The distinctive entrance to The Garden’s garden

The athlete-chef surfed his way through much of his travels on the African continent, from Mozambique to Namibia. Hardly a “trust-funder,” Sklar worked in food, and fished and landscaped to get by.

“I’m a farmer by trade,” he says, noting that the travels not only helped him gain recipe knowledge, but savvy about permaculture, which he has kept in mind while planning the produce for The Garden.

“It’s a companion culture,” he says of his gardening. “The roots of one plant will send the nitrogen into the other.”
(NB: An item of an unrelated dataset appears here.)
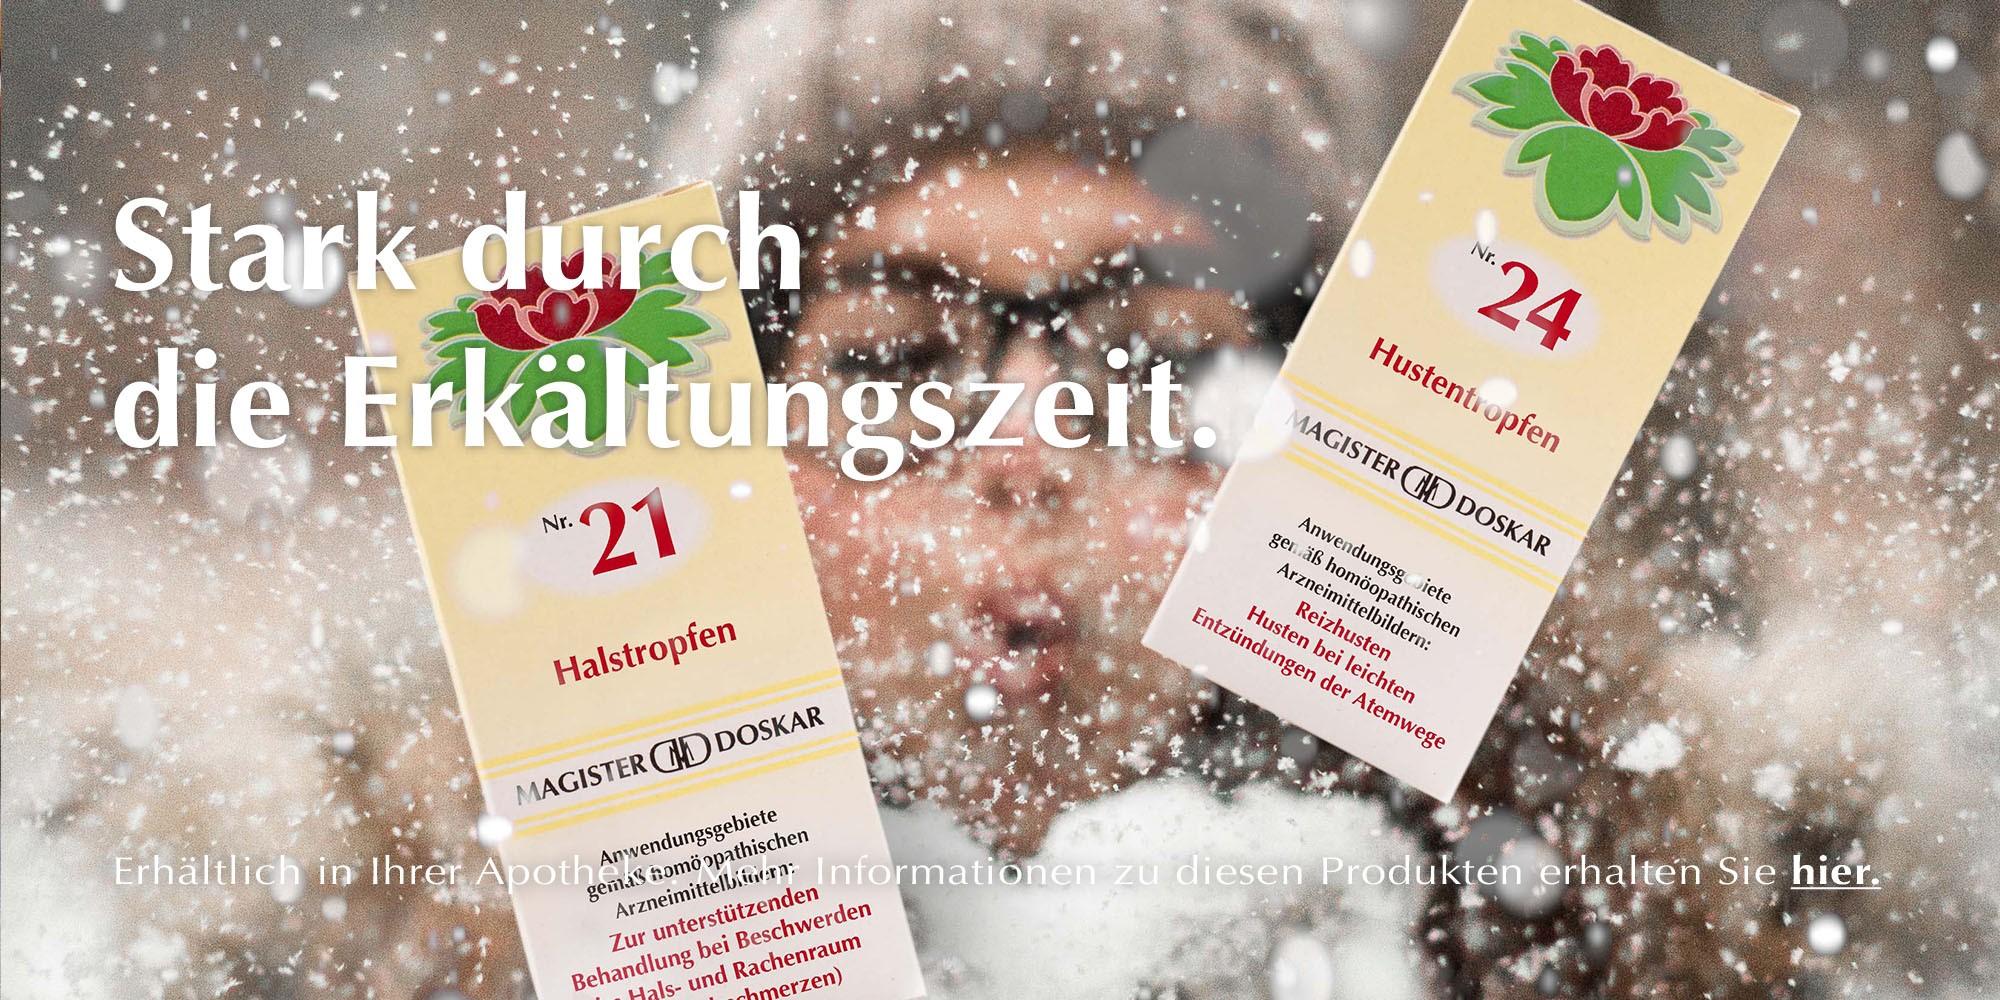 Stark durch die Erkältungszeit- Magister Doskar Halstropfen Nr. 21 und Nr. 24 Hustentropfen

Even the decorative landscape at The Garden is edible, bursting with garlic chive, Mexican oregano, thyme and basil. A Far East-like threshold (that seems to channel Stonehenge) stands as the entrance to “energetically welcome you into the space,” Sklar says.

Bees buzz around the buckwheat ground cover, and there are several beehives on site. Though they don’t produce enough honey for all The Garden’s dishes, the honey served at the restaurant is Kaua’i made.

“If you eat local honey, it keeps your allergies down because of the pollen,” Sklar says. “So we serve only organic, wild, raw honey from our region. It’s a preventative medicine full of nourishment.”

He also hopes Common Ground will serve as a place for educational sustenance for years to come.

“This is a place where we can have educational talks and speakers on sustainable living and agriculture,” he says, noting that plans should be firmer come spring.